BlockGAN

Learning 3D Object-aware Scene Representations

from Unlabelled Images

Thu Nguyen-Phuoc, Christian Richardt, Long Mai, Yong-Liang Yang, Niloy Mitra

Neural Information Processing Systems NeurIPS 2020

ABSTRACT

We present BlockGAN, an image generative model that learns object-aware 3D scene representations directly from unlabelled 2D images. Current work on scene representation learning either ignores scene background or treats the whole scene as one object. Meanwhile, work that considers scene compositionality treats scene objects only as image patches or 2D layers with alpha maps. Inspired by the computer graphics pipeline, we design BlockGAN to learn to first generate 3D features of background and foreground objects, then combine them into 3D features for the wholescene, and finally render them into realistic images. This allows BlockGAN to reason over occlusion and interaction between objects’ appearance, such as shadow and lighting, and provides control over each object’s 3D pose and identity, while maintaining image realism. BlockGAN is trained end-to-end, using only unlabelled single images, without the need for 3D geometry, pose labels, object masks, or multiple views of the same scene. Our experiments show that using explicit 3D features to represent objects allows BlockGAN to learn disentangled representations both in terms of objects (foreground and background) and their properties (pose and identity).

METHOD OVERVIEW

Instead of learning 2D layers of objects and combining them with alpha compositing, BlockGAN learns to generate 3D object features and to combine them into deep 3D scene features that are projected and rendered as 2D images. This process closely resembles the traditional computer graphics pipeline where scenes are modelled in 3D, enabling reasoning over occlusion and interaction between object appearance, such as shadows or highlights. We can also add new objects to the generated image by introducing more 3D object features to the 3D scene features, even when BlockGAN was trained with scenes containing fewer objects.

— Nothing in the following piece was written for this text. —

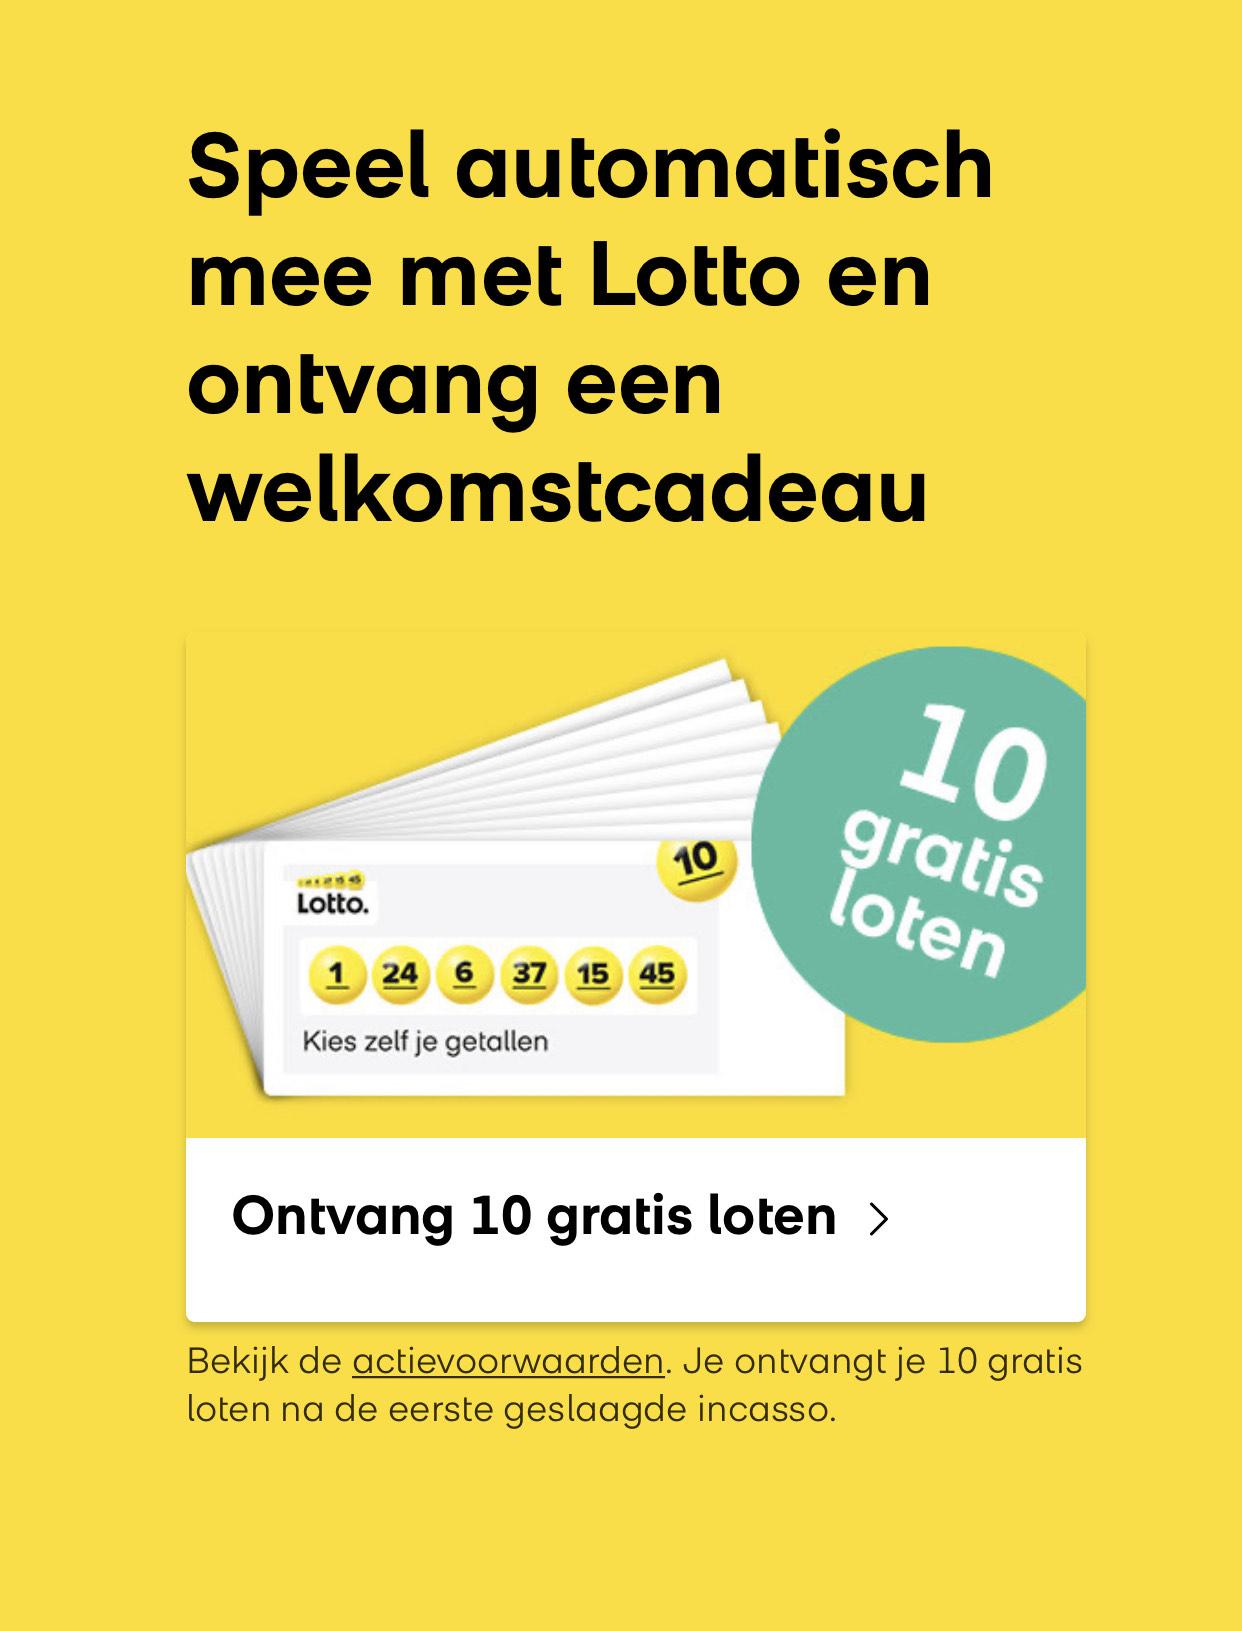 Wederom 10 gratis loten bij de Lotto bij het aankopen van een abonnement.

During training, we randomly sample both the noise vectors z and poses θ. During test time, each object’s pose can be manipulated using 3D transformations directly applied to the object’s deep 3D features. BlockGAN is trained end-to-end using only unlabelled 2D images using the GAN loss, without the need for any labels, such as poses, 3D shapes, multi-view inputs, masks, or geometry priors like shape templates, symmetry or smoothness terms.

RESULTS

BlockGAN learns to disentangle different objects within a scene: foreground from background, and between multiple foreground objects, despite only being trained with unlabelled images. This enables smooth manipulation of each object’s pose θ and identity z. More impor- tantly, since BlockGAN combines deep object features into scene features, changes in an object’s properties also influ- ence the background, e.g., an object’s shadows and highlights adapt to the object’s movement.

Synthetic Two Cars

Synthetic Chairs

Real Cars

Since objects are disentangled in BlockGAN’s scene representation, we can manipulate them separately. Here we apply spatial manipulations that were not part of the similarity transformation used during training, such as horizontal stretching, or slicing and combining different foreground objects.

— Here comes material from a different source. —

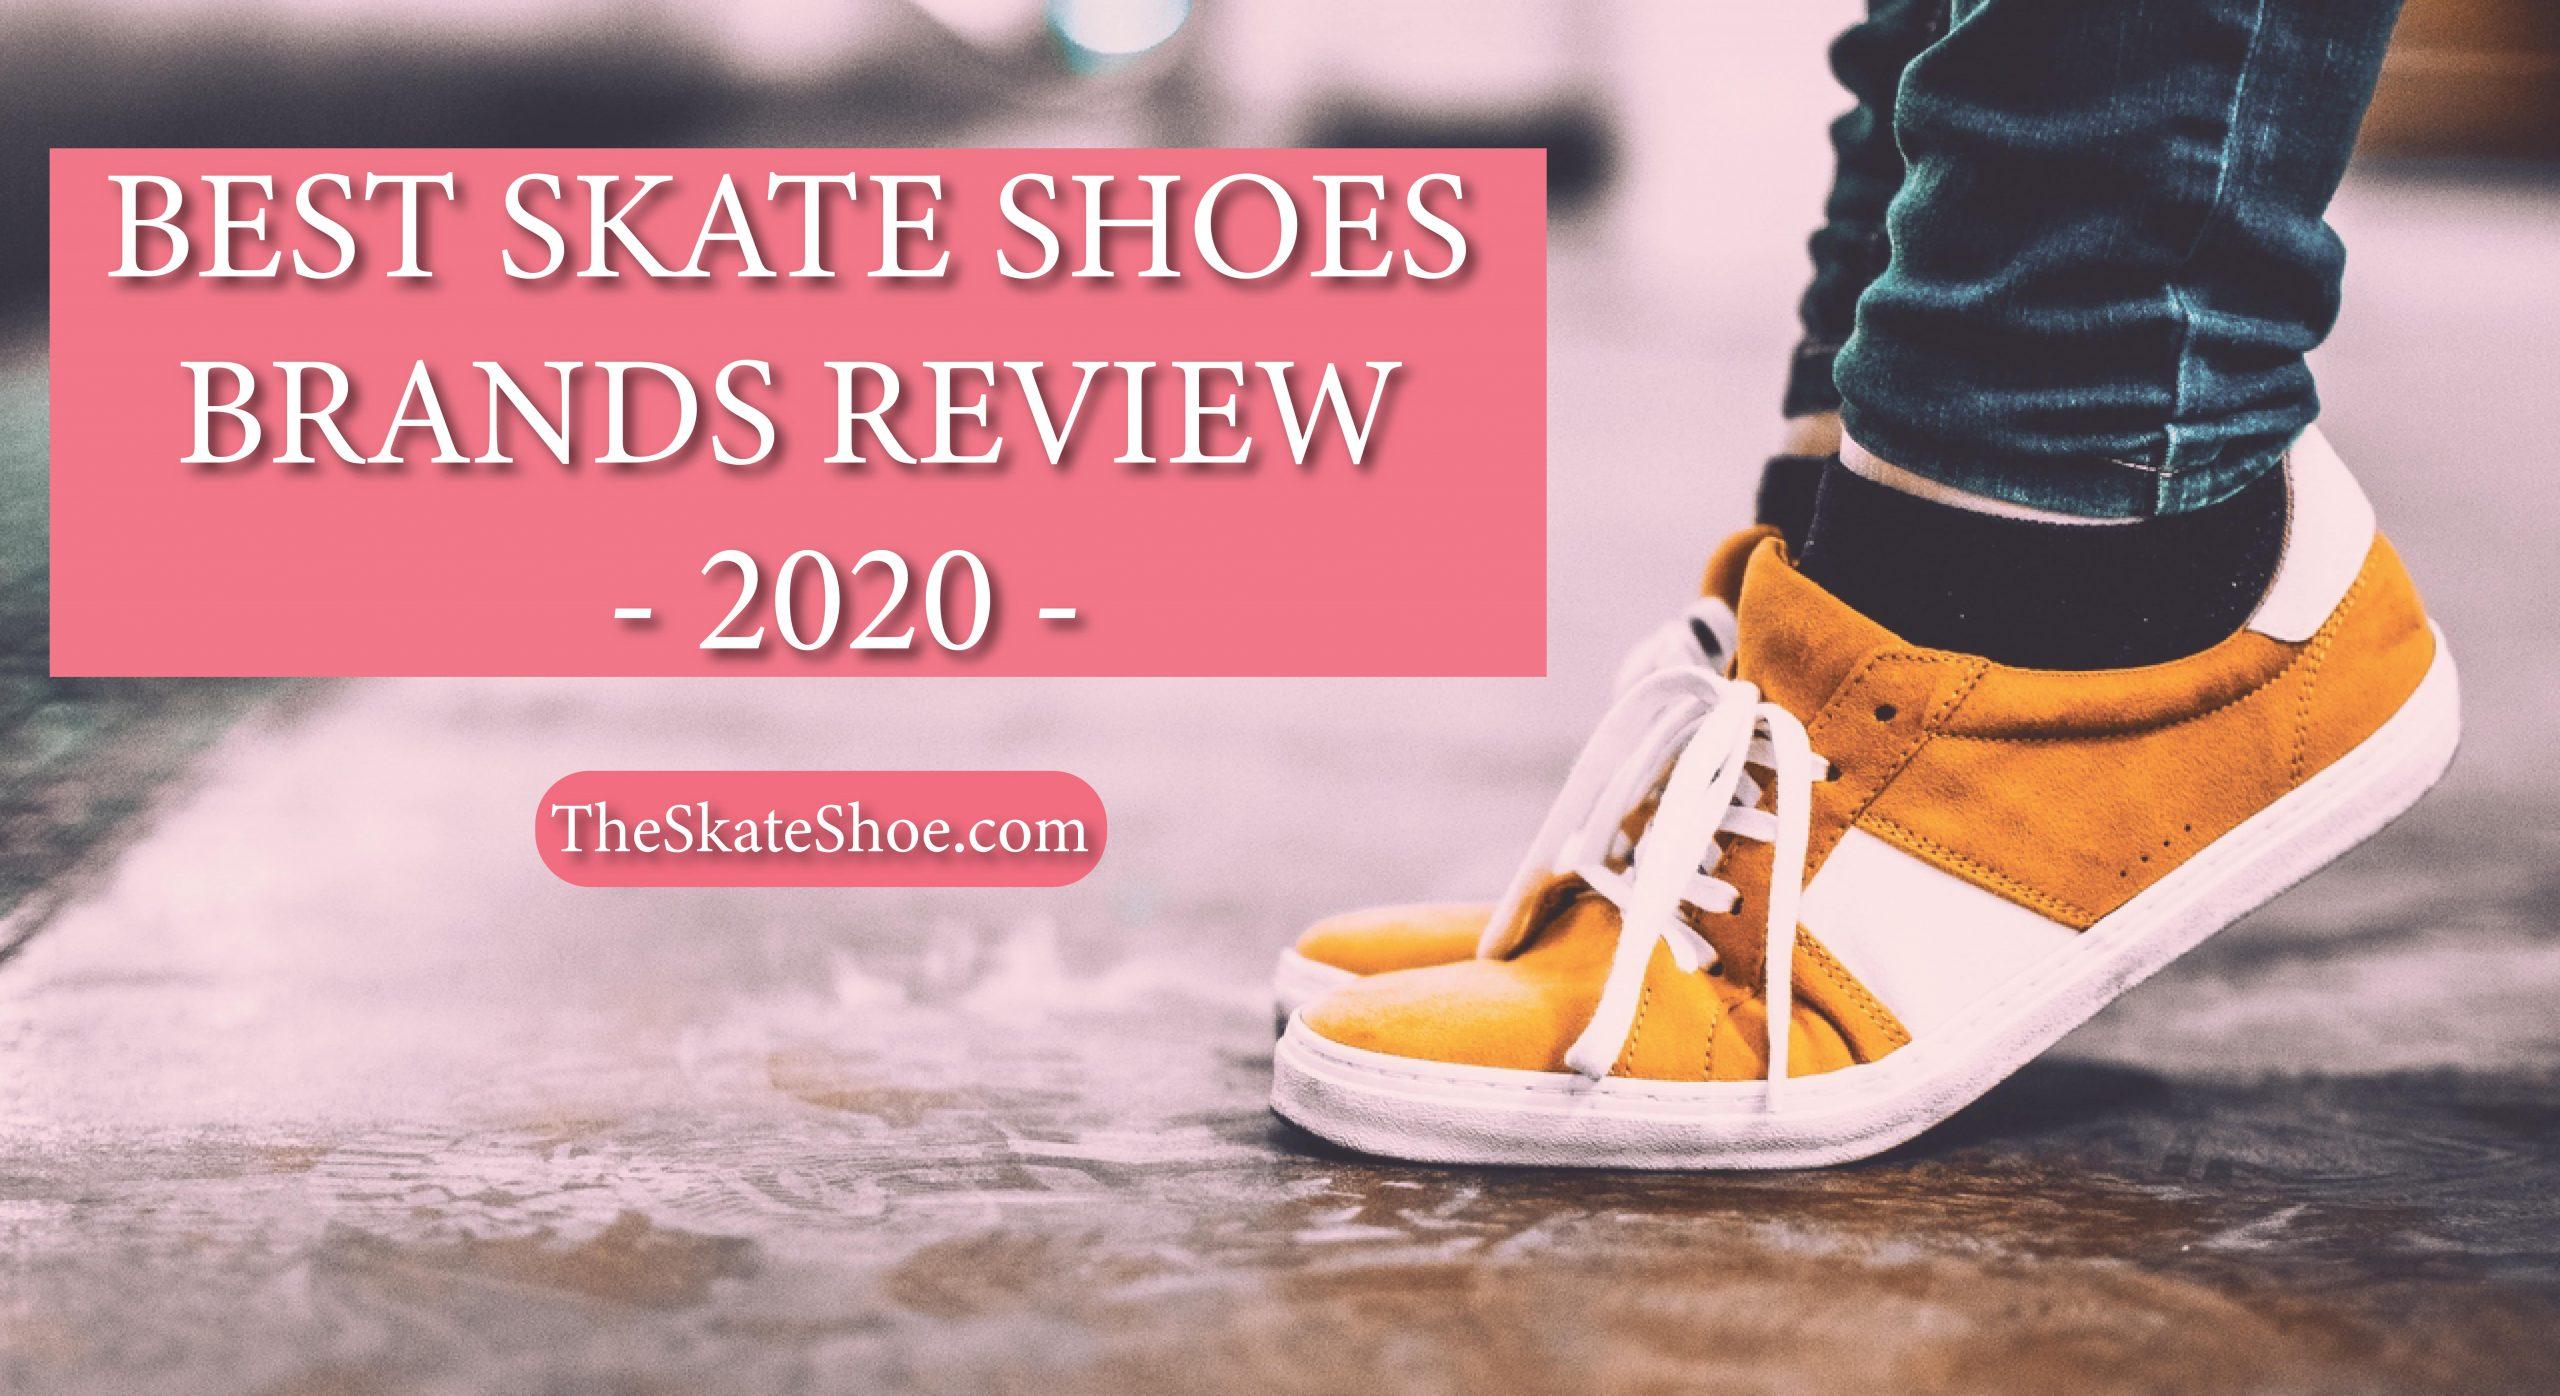 Best Skate Shoes Brands

The 3D object features learnt by BlockGAN can also be reused to add more objects to the scene at test time. Here we use BlockGAN trained on datasets with only one background and one fore- ground object, and show that more foreground objects of the same category can be added to the same scene to create novel scenes with multiple foreground objects. This shows that BlockGAN has learnt 3D object representations that can be reused and manipulated intuitively, instead of merely memorizing training images.